Ok..So why can't people understand and realize how difficult this is? I think people can be so insensitive at times, or perhaps I am the most sensitive person on earth.
It is not easy for someone to admit their faults to everyone. Believe me. Think about the one thing you dislike about yourself (if you have something) and tell everyone about it. Something that you do, something that you have, something that you have done. Think about how difficult it would be to look at it in the face, broadcast it to everyone you know, your crush, your friends and just hope that you don't get criticized or judged on it. You can only hope for support, but then there is this one person that can say or look at you in one way, and bring you to tears. People are entitled to their opinions, of course, but sometimes, people should really think about what they say before saying it - or what the adverse effect it would have on someone's psyche. Really? Didn't we all learn when we were small, if you have nothing nice to say, don't say it at all? I am guilty of this, but I am not one to judge my "friends" on their faults - I accept them for who they are and love them anyway.

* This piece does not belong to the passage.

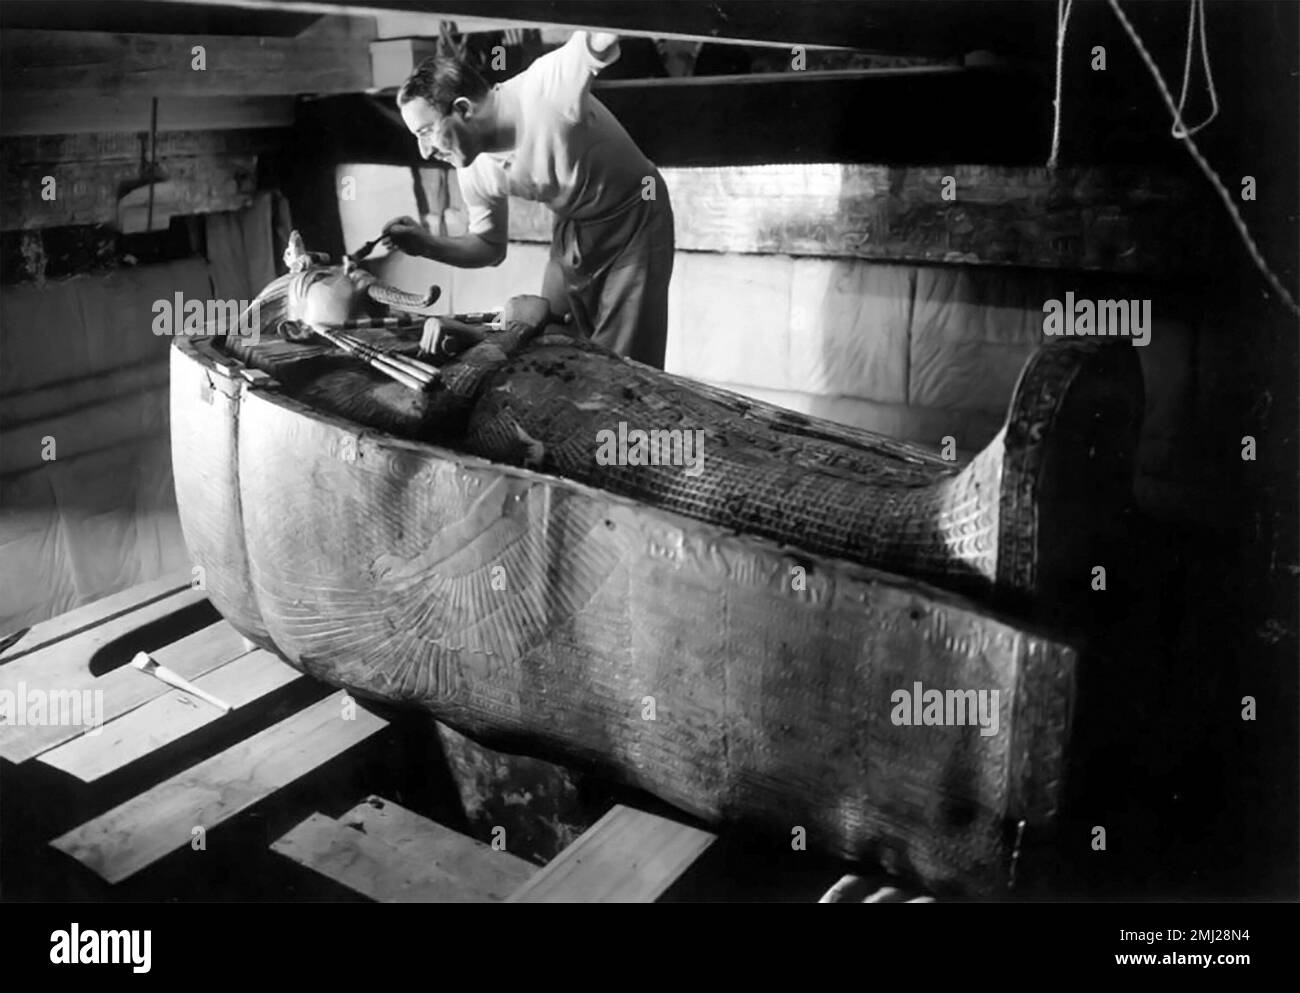 Tombeau de Toutankhamon. Howard carter examinant le sarcophage du tombeau du roi Toutankhamon, Louxor, Égypte. Photographie prise vers 1925 par Harry Burton(1879-1940) Banque D'Images

It is bad enough that I am posting my weight to the world - which was my own choice, fine, I am bringing this upon myself maybe. I make each and every decision to make healthier choices for myself in order to reach my goal. So this morning, I was telling a co-worker about my fun experience at the movies last night where on Tuesday's with your ticket, you get a free regular popcorn and regular drink. Instead of saying "that is so cool" because he has kids he can take on a Tuesday, the first thing he said - was how much fat and salt are in popcorn and shook his head with that smart alec know it all expression on his face. I was humiliated and embarrassed and felt like a total jackass. I told him to not talk to me. I told him he was rude. I got extremely defensive and on the way back to the office, I walked away from him and went back on my own. Sure, this may sound dramatic, but I was livid. Actually, I felt like a hippo or a rhino. I made a choice yesterday to eat popcorn and have a diet pop - which since I have started my new regime, I haven't had. Yesterday I ate a variety of fruit for lunch. For breakfast? A non fat latte and lemon cranberry muffin that has 3 grams of fat. For Dinner? A lean cuisine that had 6 grams of fat. My intake was low. The volume of food was low. Sure, I didn't go for my walk - but I am going tonight for 13km - all that doesn't matter, just the fact that I am a fat cow eating popcorn at a movie just ruined everything I have accomplished or trying to accomplish going forward, right?

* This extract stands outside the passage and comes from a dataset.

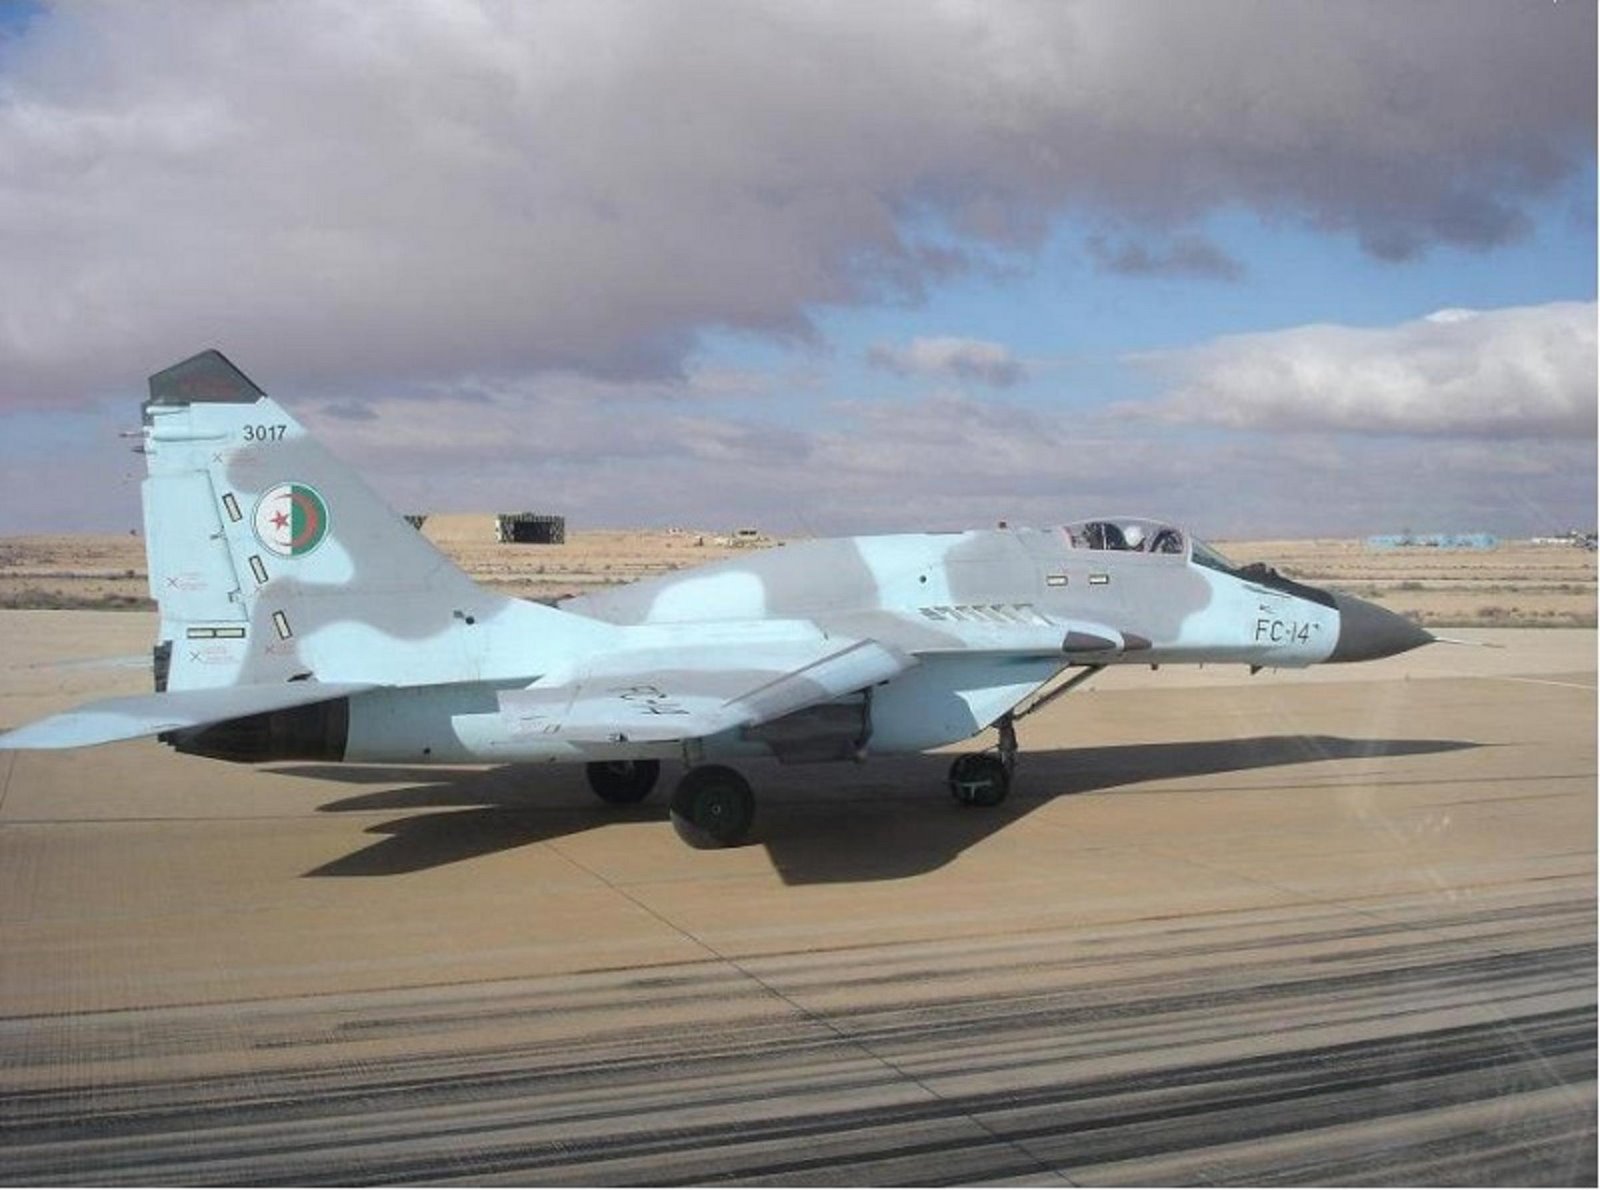 الميغ 29 والقوات الجوية الجزائرية  MIG-29SMT%2BFC-14%2B3017%2BARGELINO%2B1

All of you reading can judge me if you want and think yes, she shouldn't have had popcorn. She is disgusting and no wonder why she is fat. Yes, the ugly fat. Not the fat I try to pretend it is by making it softer, or prettier with different letters.

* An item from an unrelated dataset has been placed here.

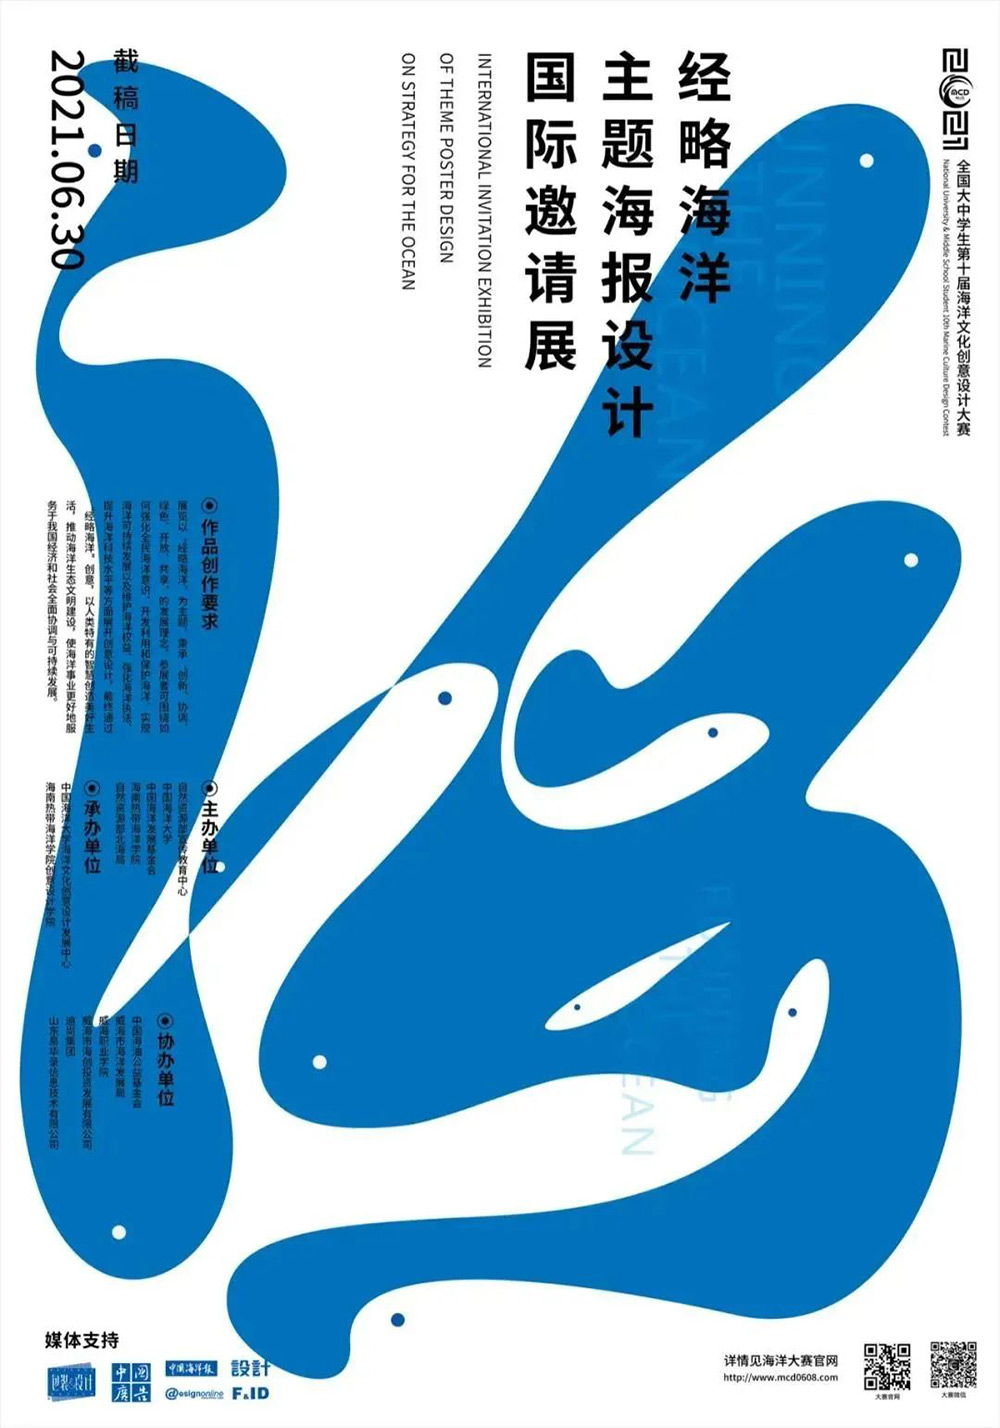 12张优质的中文展览海报

I am crying with frustration right now because I am trying to do the right thing. By sharing my experience I thought I was doing a good thing here. A good thing for others to know they aren't alone in this battle. A good thing for others to relate to. A good thing for myself to help get through the hard times, the challenges, the frustrations and the emotional roller coaster this seems to be. This isn't easy and I told you from the beginning that I would share the good and the bad. The tears of frustration are here right now, and you get to see them up close and personal - as it is happening similar to a breaking news story on CNN.
Exercise Today: try to stop crying and feeling incredibly hurt and defeated because I ate popcorn. Think about how well I have done and focus on the positive feedback I have received instead of this insensitive jerk.